The Chinese flag and the logo of CATL, a China-based battery maker, are superimposed on a picture of Ford Chairman Bill Ford announcing at Ford Iron Park that Ford will invest US$3.5 billion to build an lithium iron phosphate battery plant using technology from China’s CATL in the state of Michigan in the United States on Feb. 13, 2023 (local time).

The joint battery plant of Chinese battery maker CATL and U.S. automaker Ford in the United States is not excluded from those eligible for subsidies under the local Inflation Reduction Act (IRA) of the U.S. government, a leading Chinese newspaper reported.

“Ford has not found anything in the IRA or its guidelines that excludes the technology license partnership with Chinese battery maker CATL from the subsidy list,” a Ford spokesperson said in a media interview on Jan. 5, according to Shanghai Securities News.
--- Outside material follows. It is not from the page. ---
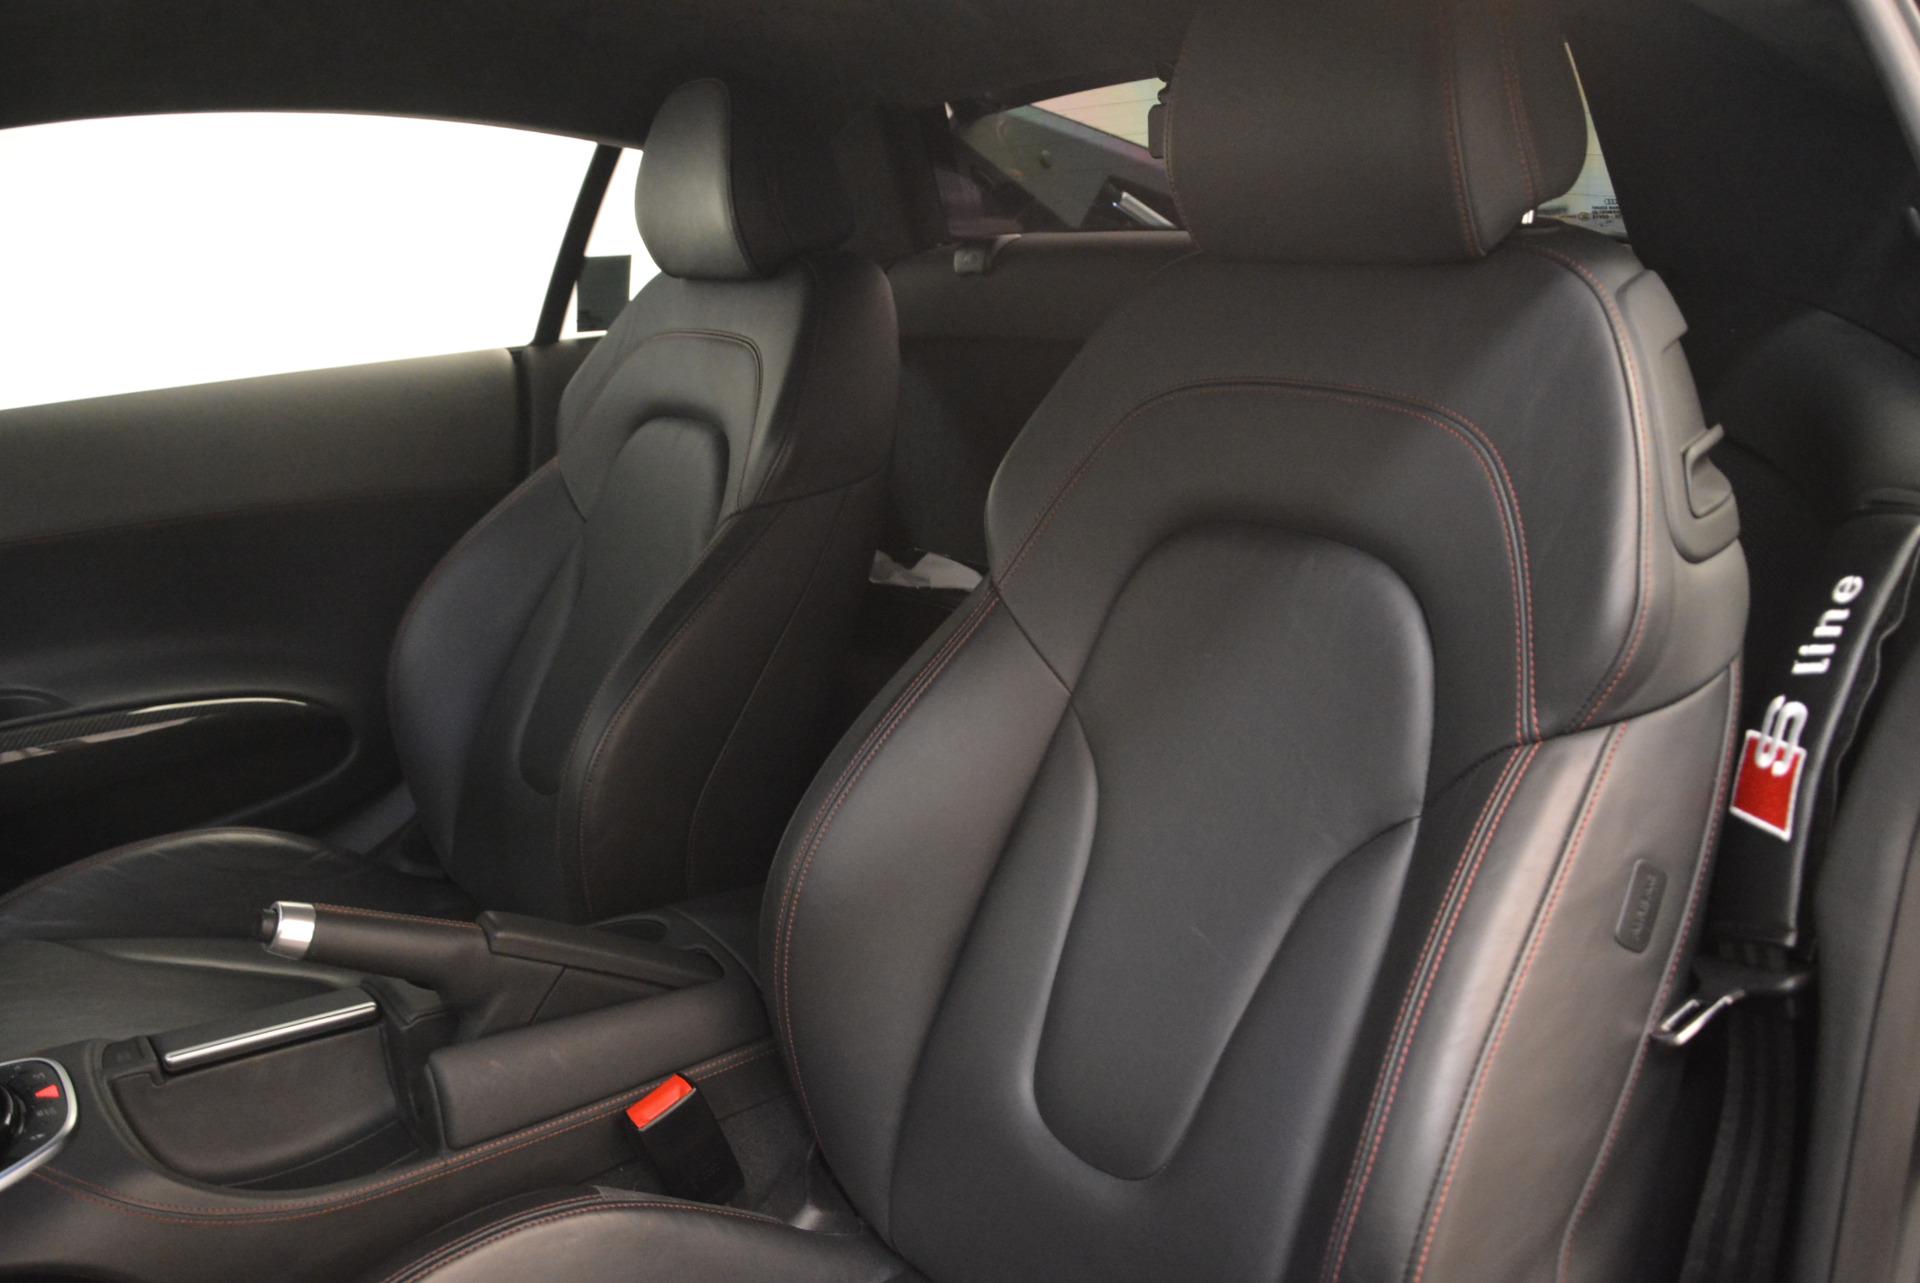 Used 2014 Audi R8 5.2 quattro For Sale In Greenwich, CT 2147_p16
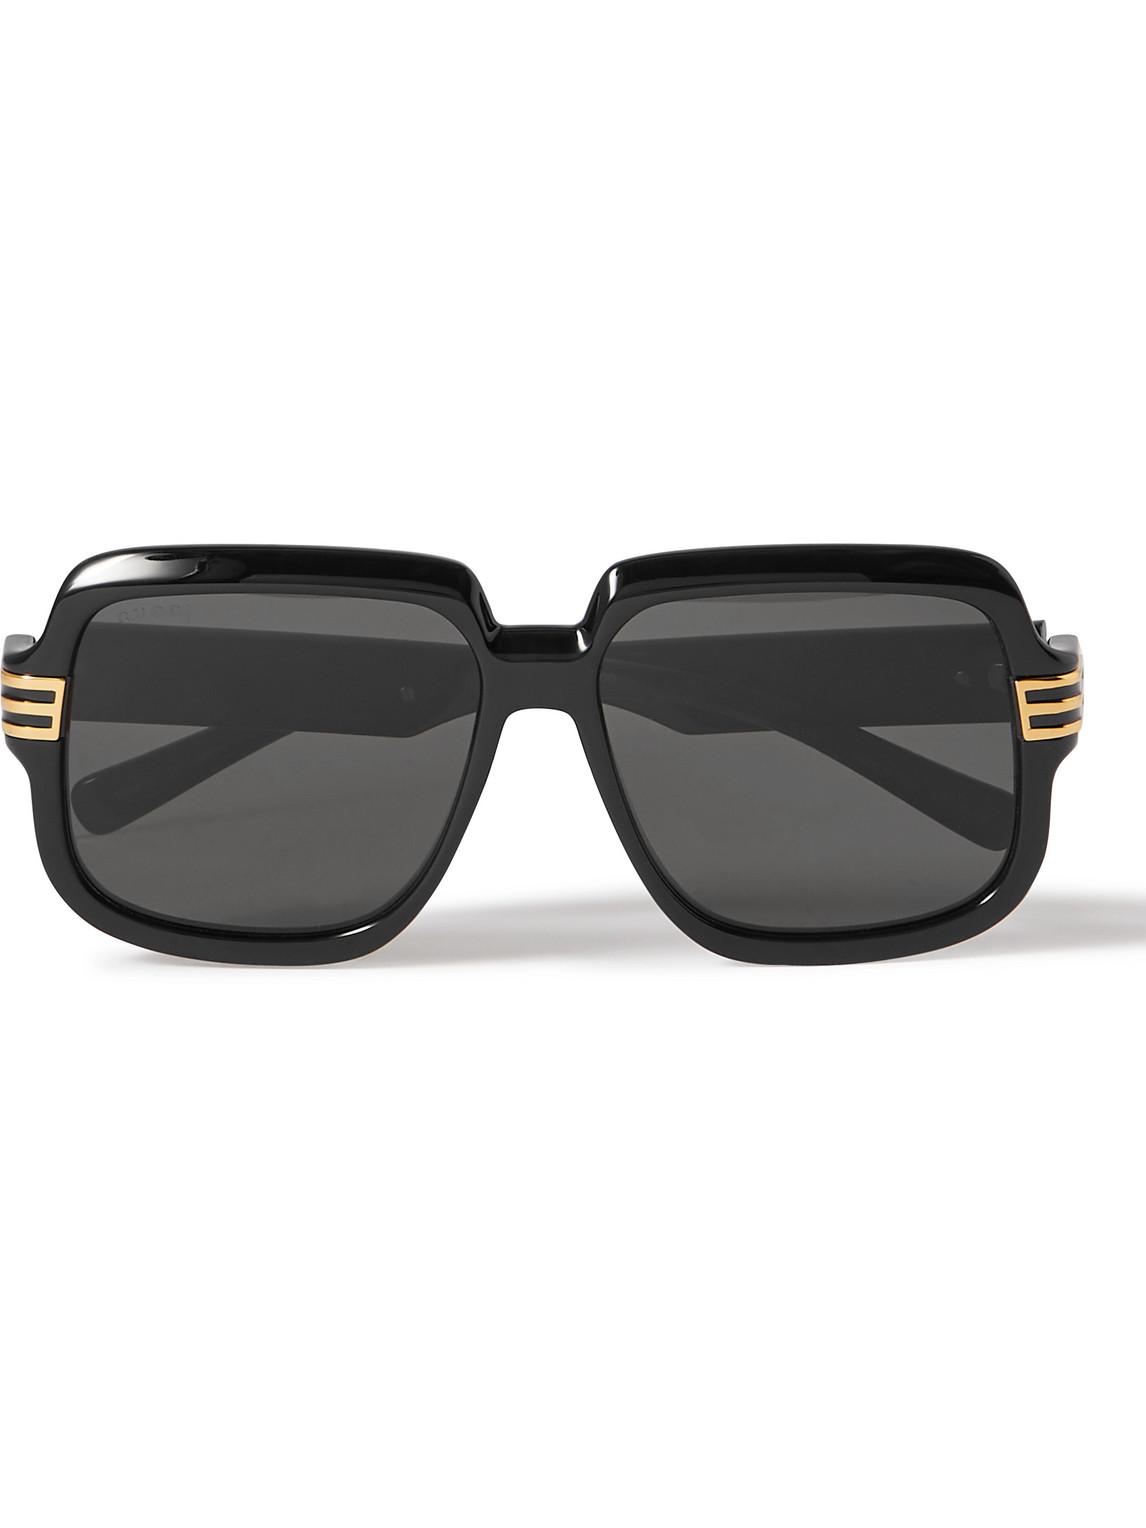 Gucci - Square-Frame Acetate And Gold-Tone Sunglasses - Men - Black

The guidelines in the IRA released in December mean that the joint battery plant between Ford and CATL will not be scratched off the U.S. subsidy list.

Shanghai Securities News reported on the evening of Jan. 6 that a CATL official said that cooperation was proceeding normally between the two companies.

In February 2023 Ford said it will build a battery plant based on CATL’s lithium iron phosphate (LFP) battery technology in Michigan in the United States. Ford will invest US$3.5 billion and take a 100 percent stake in the project, while CATL will cooperate with Ford by providing its licensed technology.

CATL’s lack of a stake in the battery plant is seen as a strategy to take advantage of the U.S. IRA, which provides a tax credit of up to US$7,500 for electric vehicles that meet North American battery component and key mineral origin requirements and are finally assembled in North America.

The IRA restricts procurement from so-called foreign entities of concern (FEOCs) for battery components and key minerals, starting from this year for battery components and starting from 2025 for key minerals such as lithium, nickel, cobalt and graphite. According to detailed regulations for IRA subsidies released in December, all Chinese companies and joint ventures with at least 25 percent Chinese ownership are designated as FEOCs, so there has been a lot of interest in China recently about whether or not CATL’s and Ford’s joint battery plant will qualify for subsidies.

Ford’s and CATL’s plan to build a joint battery plant in the United States in February last year drew scrutiny not only from the Chinese government but from the U.S. House of Representatives’ Committee on Committee on Ways and Means and the Select Committee on the Strategic Competition between the United States and the Chinese Communist Party.